Hello,
This porblem bugged me for some time. It is to merge different files of hundred rows to have a union with the ID as key column (kind of similar to join!) and absence with 0.
ID File1
A 1
C 3
D 4
M 6
ID File2
A 5
B 10
C 15
Z 26
ID File3
A 2
B 6
O 20
X 9
I want the output as
ID File File2 File3
A 1 5 2
B 0 10 6
C 3 15 0
D 4 0 0
M 6 0 0
O 0 0 20
X 0 0 9
Z 0 26 0
I search the site that there some posts about merge two files, by a common column, but my case is different.
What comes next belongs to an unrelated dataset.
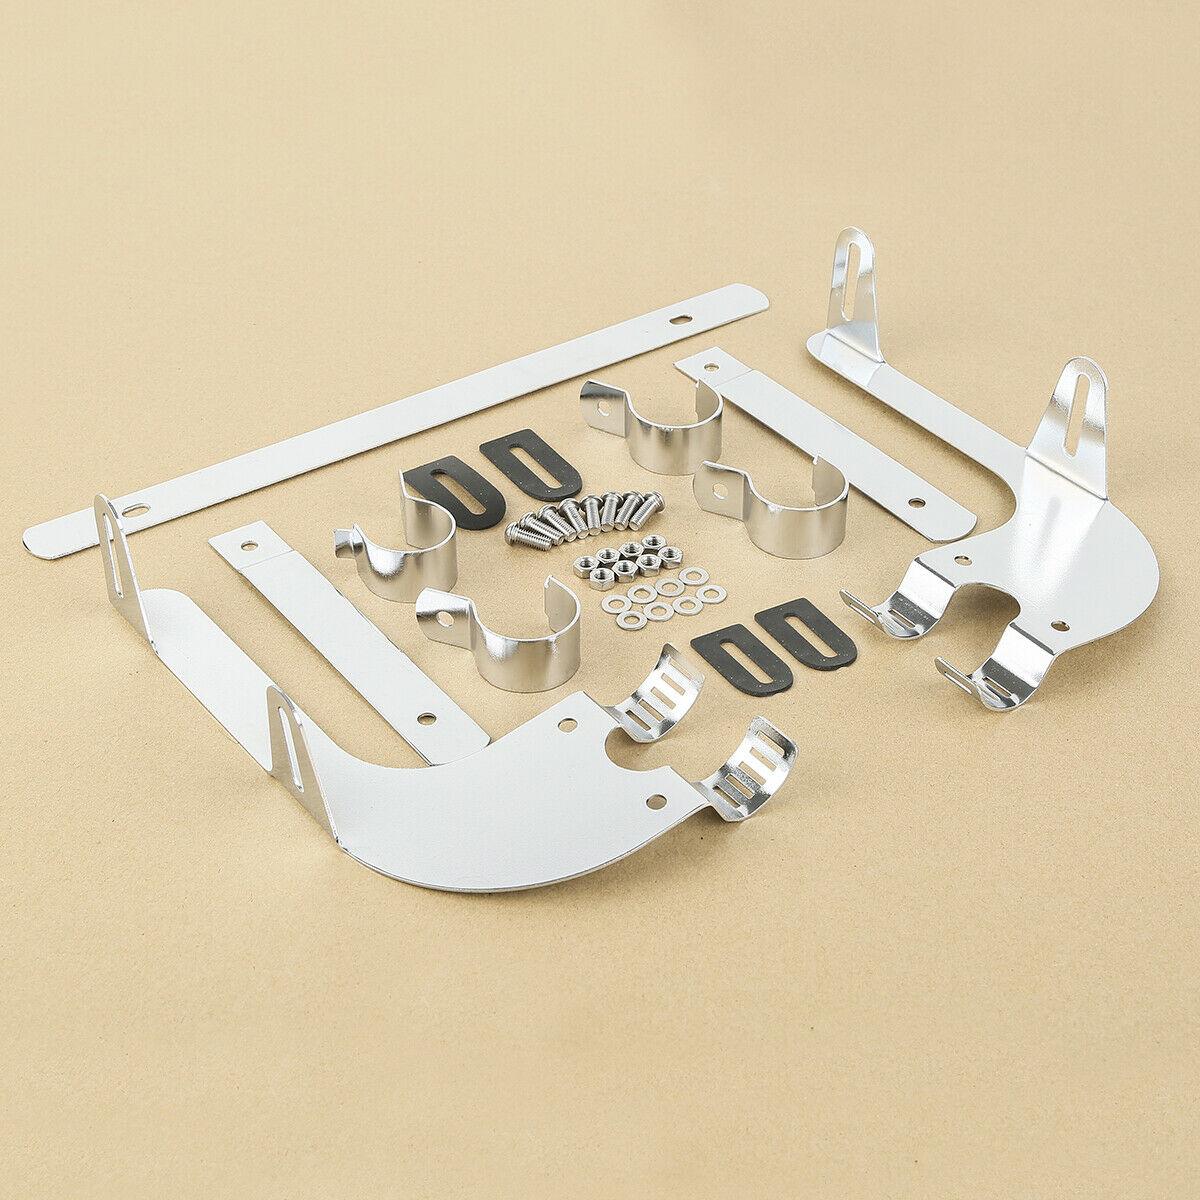 39mm Windshield Screen Bracket Fit For Harley Dyna Sportster XL 883 1200 Chrome - Moto Life Products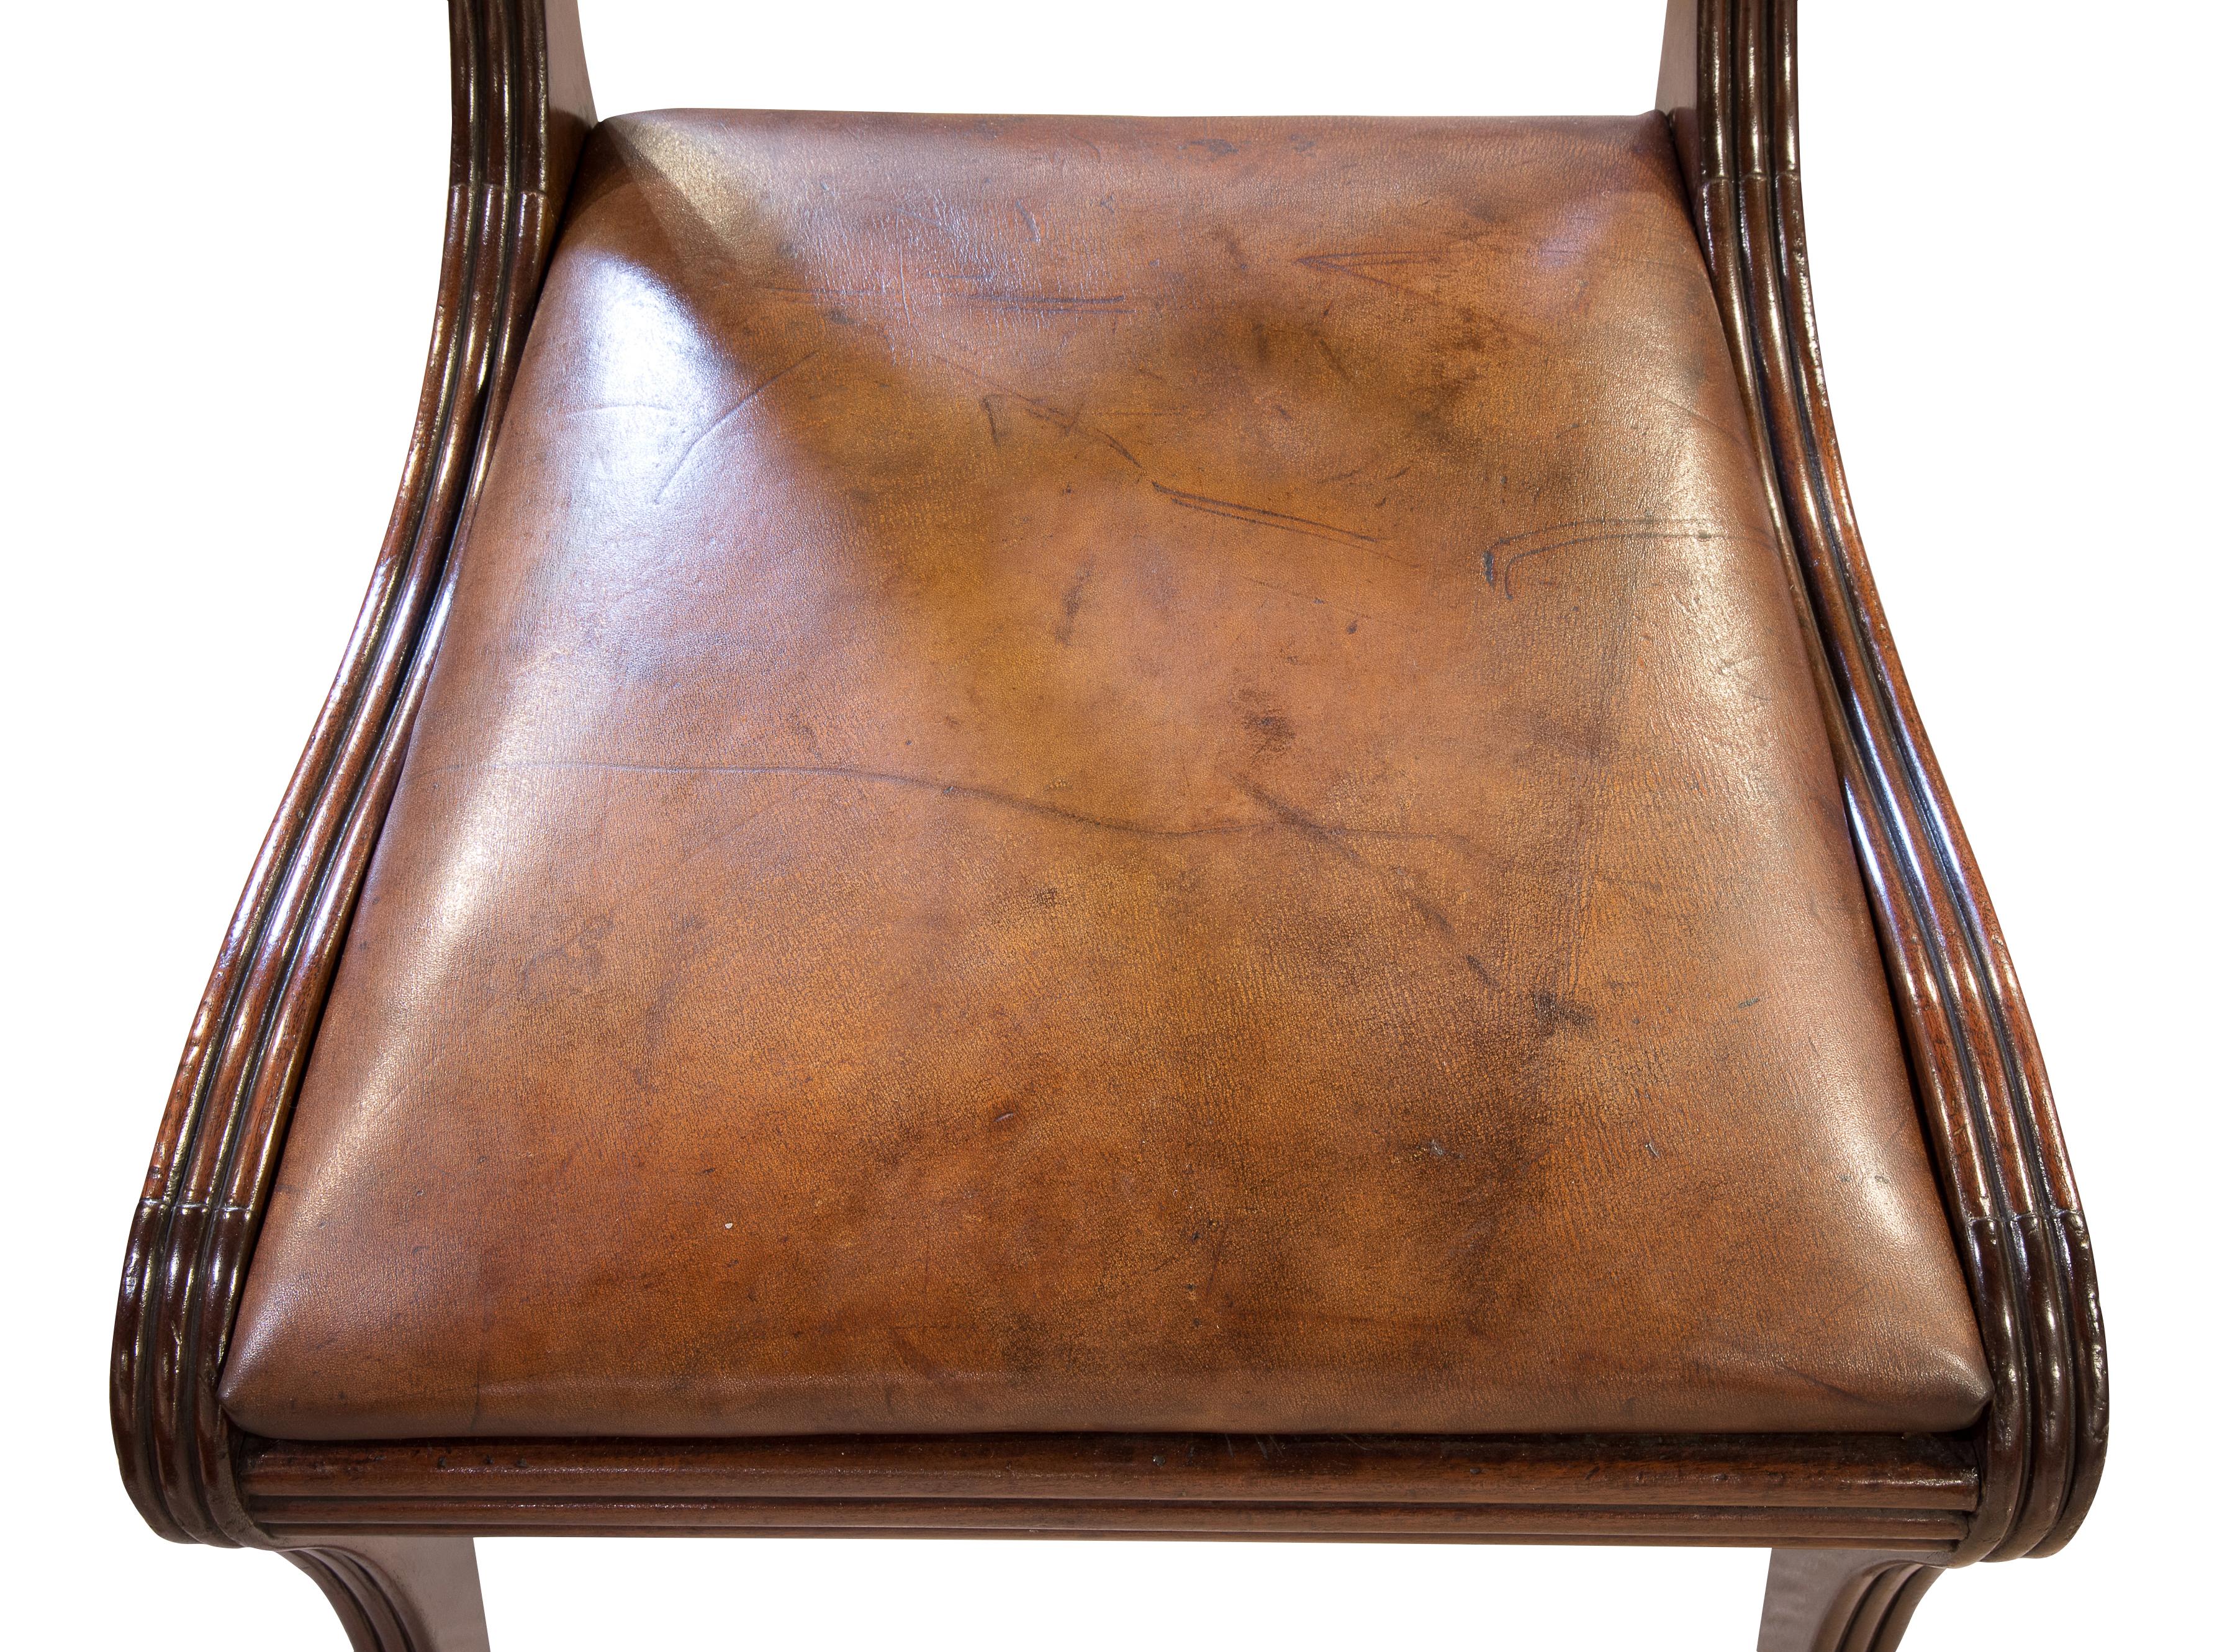 Regency Mahogany Chair with Leather Upholstered Seat, circa 1830 For Sale 2

I tried my code which is working but the output lost some of the information
#!/usr/bin/perl -w
use strict;
my $Fname1="./path/file1.txt"; #tab delimited format
my $Fname2="./path/file2.txt";
my $Fname3="./path/file3.txt";
my %combinedfile;
my key;
open(F1, "<$Fname1") or die "Cann't find the input file $Fname1 becuase of $!";
while (my line1 = <F1>) {
chomp ($line1);
my ($ID1, $count)=split("\t", $line1);
$key=$ID1;
$combinedfile{$key}=$count;
}
close (F1);
open(F2, "<$Fname2") or die "Cann't find the input file $Fname1 becuase of $!";
while (my line2 = <F2>) {
chomp ($line2);
my ($ID2, $count2)=split("\t", $line2);
$key=$ID2;
if (exists($combinedfile{$key}
{ $combinedfile{$key}.="\n$count2";}
else {
$combinedfile{$key}="0\n$count2";
}
close (F2);
open(F3, "<$Fname3") or die "Cann't find the input file $Fname1 becuase of $!";
while (my line3 = <F3>) {
chomp ($line3);
my ($ID3, $count3)=split("\t", $line3);
$key=$ID3;
if (exists($combinedfile{$key}
{ $combinedfile{$key}.="\n$count3";}
else {
$combinedfile{$key}="0\n0\n$count3";
}
close (F3);
foreach (my $member (keys %combinedfile)){
split ("/n", $combinedfile{$member));
print $member, "\t", (join("\t", split ("/n", $combinedfile{$member)), "\n";
}
The output is:
ID File File2 File3
A 1 5 2
B 0 10 6
C 3 15
D 4
M 6
O 0 0 20
X 0 0 9
Z 0 26
I know there is a bug with the algorithm, e.g. D in File1, when reading File2, D is supposed to be saved as:
D 4\n0
and when reading File3, it should be saved as:
D 4\n0\n0
But it was skipped because it is not in File2 or File3. The fact seems only the new "KEY" of the hash is properly added, and the existing KEY not listed in latter files (File2 or File3) will be skipped.
How to fix this bug? I met in my work occasionally, and seems a common job similar to join but different. Hope there is command like "union" for this job (leave all the 0 with NA!, my wish though!)
Thanks a lot in advance!
Yifang